それは居合わせた他のお客さんも例外なく、同じような表情になっている。
蛍光灯は普通に点灯しているし、窓から陽の光も差し込んでいる。
本当なら明るいはずの店内が、なぜが陰気な影が差したように暗く感じた。
「なんか変だよ。もうやめた方が良いんじゃない?悪いこと言わないからさ」
「ふふふふ。巴恐くなったの?」
「大秦。なにビビってんだよ」
「いひひひひ」
テーブルに着いて呼び出しているクラスメイトが笑いながら言った。
ていうか、あんたらそんな声してたか?
私だけでなく、他のクラスメイトもその変化に気がついたようだ。
テーブルを囲むクラスメイトの声は、明らかに別人の声だった。
ヤバイぞこれは。激ヤバだ。
これはもしかして本当に来るのかも…… いや、もう来ていると考えた方が良い。
大きな笑い声が聞こえてきた。
誰が発したかわからない。
「臭い!!」
「なにこれ!?」
「オエッ…くっせええ…」
店の中に腐ったような臭いが充満してきた。
「寒い……!」
「本当だ。誰かエアコンの温度上げてくれよ」
全員が室温が下がってきたことを感じていた。
しかしエアコンの温度は二十五度だ。
恐怖と不安が店内にいる者の間に伝播する。
見物していたクラスメイトは、怯えたような顔で辺りをキョロキョロと見まわす。
「なんだこれ?」
足下に違和感を覚えた私は、ふと下を見ると異様なものを見た。
床が黒くなっている。
いや、赤黒くぬらぬらと光ったなにかが床一面をひたひたと押し寄せる水のように覆っていた。
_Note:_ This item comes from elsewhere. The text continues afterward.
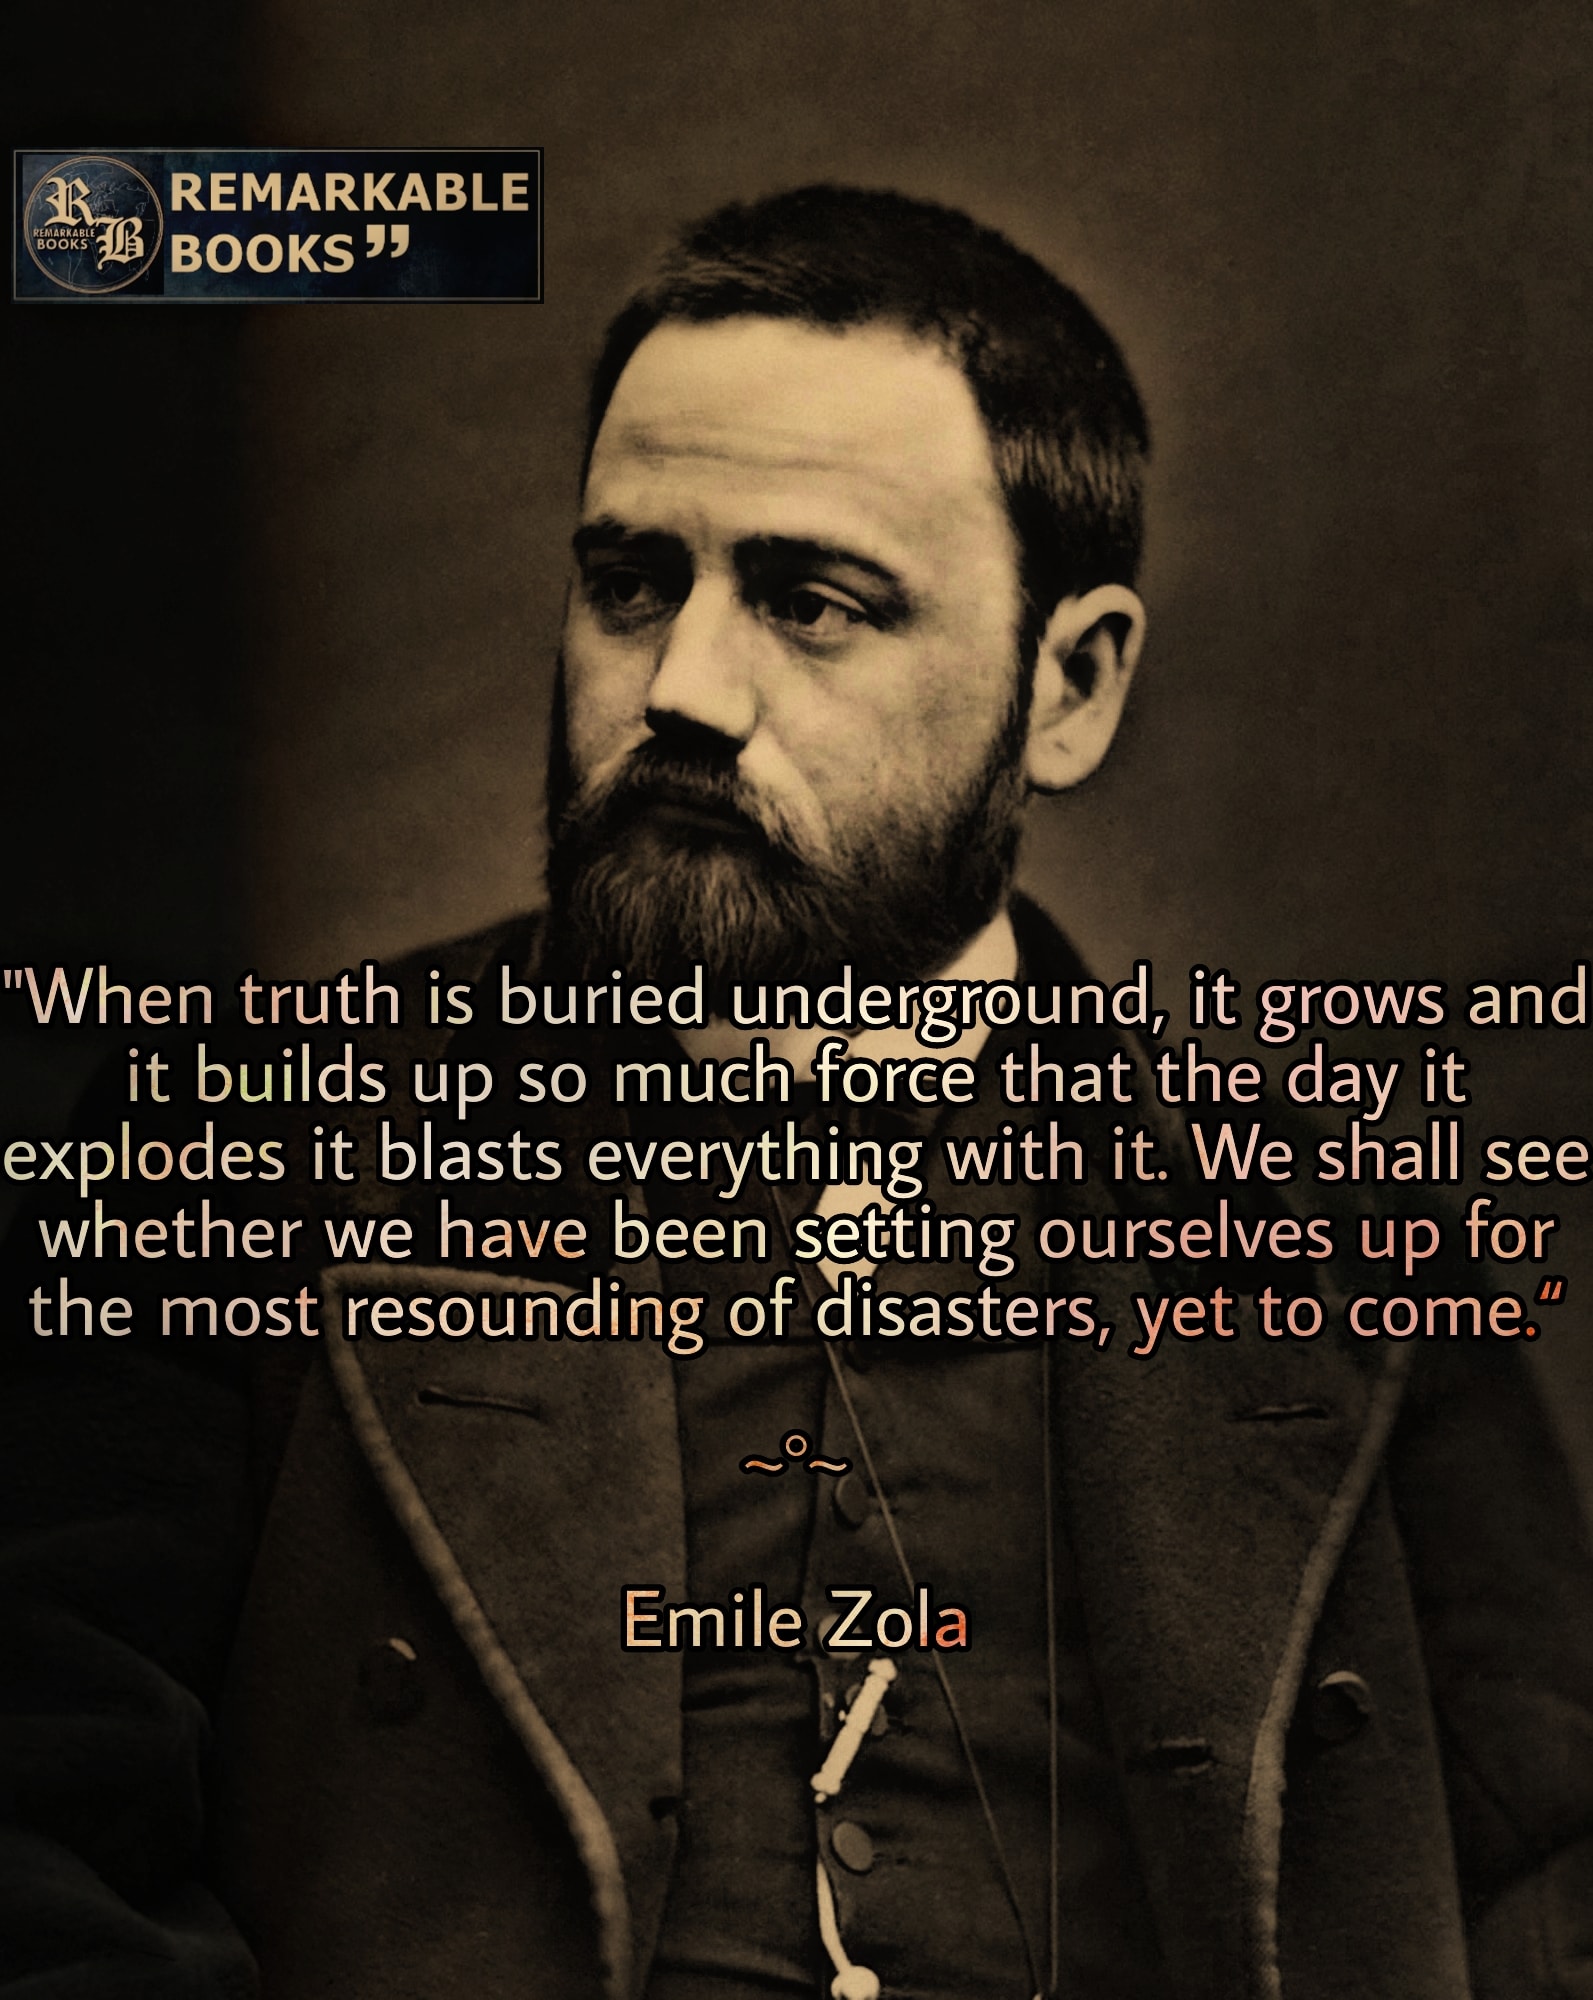 When truth is buried underground it grows, it chokes, it gathers such an explosive force that on the day it bursts out, it blows up everything with it.

交霊をしているテーブルに向かって渦を巻くように迫っていく。
店内を見渡しても、クラスメイト含め他の人たちは気がついている様子はない。
赤黒いものは私にしか見えていないようだった。
店内の空気はさらに悪くなっていた。
息を吸う度になんだか気持ち悪くなってくる。
あの家に行ったときとは比較にならない圧を感じた。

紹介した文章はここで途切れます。